Уже сама идея лояльности являлась такой уступкой. В утверждении Апостола, что «нет власти не от Бога» (Рим. 13,1), речь идет, собственно, о принципе власти как порядка (в противоположность хаосу анархии), а не о ее конкретной реализации и устроении. Конкретная власть может быть и весьма плохой в смысле выполнения своего главного назначения: ограждения деятельности зла в мире. И Церкви далеко не безразлично, как власть выполняет эту свою задачу; если она не только не справляется с ней, но и сама множит зло, против такой власти можно и должно бороться. Например, можно бороться за отставку «плохого» правительства или даже за изменение государственного строя, но мирным, законным путем, продолжая одновременно выполнять распоряжения наличного правительства; принцип лояльности превращается здесь в принцип ненасилия. Но так в теории; в действительности же далеко не каждый общественный строй допускает таким образом понимаемую лояльность.
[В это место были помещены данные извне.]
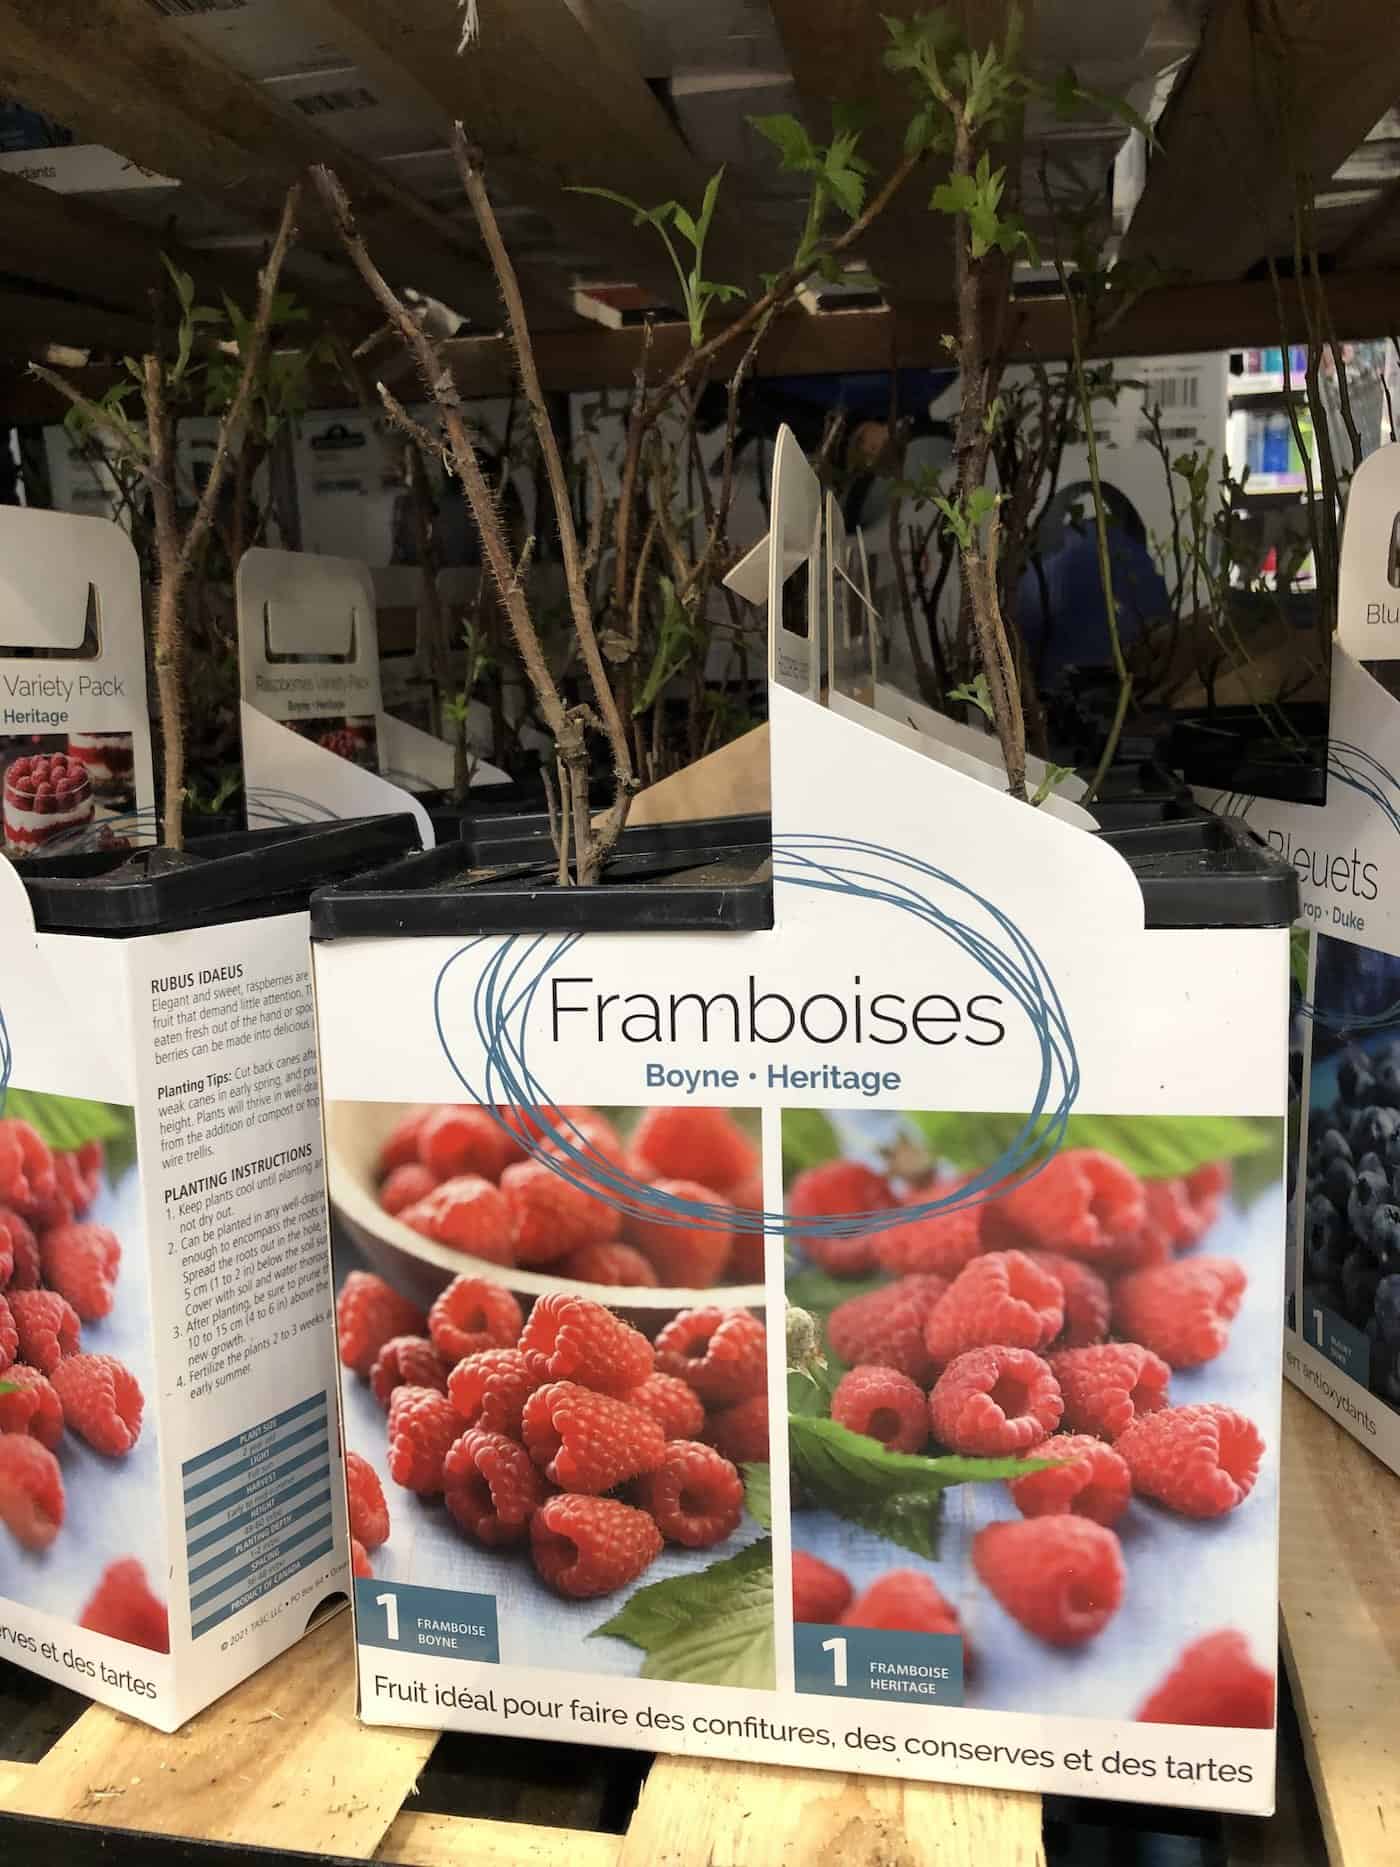 Raspberry plants at costco

И это в первую очередь относится к системам государственного тоталитаризма, посягающим на души подданных едва ли не в большей степени, чем на их труд и имущество. Подобные системы приравнивают к насильственным действиям любое противление власти — в том числе в слове и мысли, ибо «идея, овладевшая массами, становится силой». В рамках такой системы гражданская

239

 

 

лояльность не может сводиться к аполитичности или безразличию к земным делам, но всегда означает полную и безоговорочную поддержку власти, ибо «кто не с нами, тот против нас» и «если враг не сдается, его уничтожают». И согласие на такую «лояльность» безусловно было компромиссом, вынужденным подчинением государственному принуждению.

Еще более тяжелым компромиссом была уступка государству значительной части реальной церковной власти (ибо природа тоталитаризма такова, что он не выносит возле себя наличие какого-либо независимого источника власти). Ярче всего это сказалось в так называемых. «кадровых» вопросах: любая хиротония, любое церковное назначение осуществлялись отныне после предварительного рассмотрения и санкции со стороны соответствующих государственных органов. Конечно, это сильно ослабило Церковь, так как власть, стремящаяся к искоренению религии, целенаправленно отбирала на церковные «должности» не лучших, а худших из возможных кандидатов.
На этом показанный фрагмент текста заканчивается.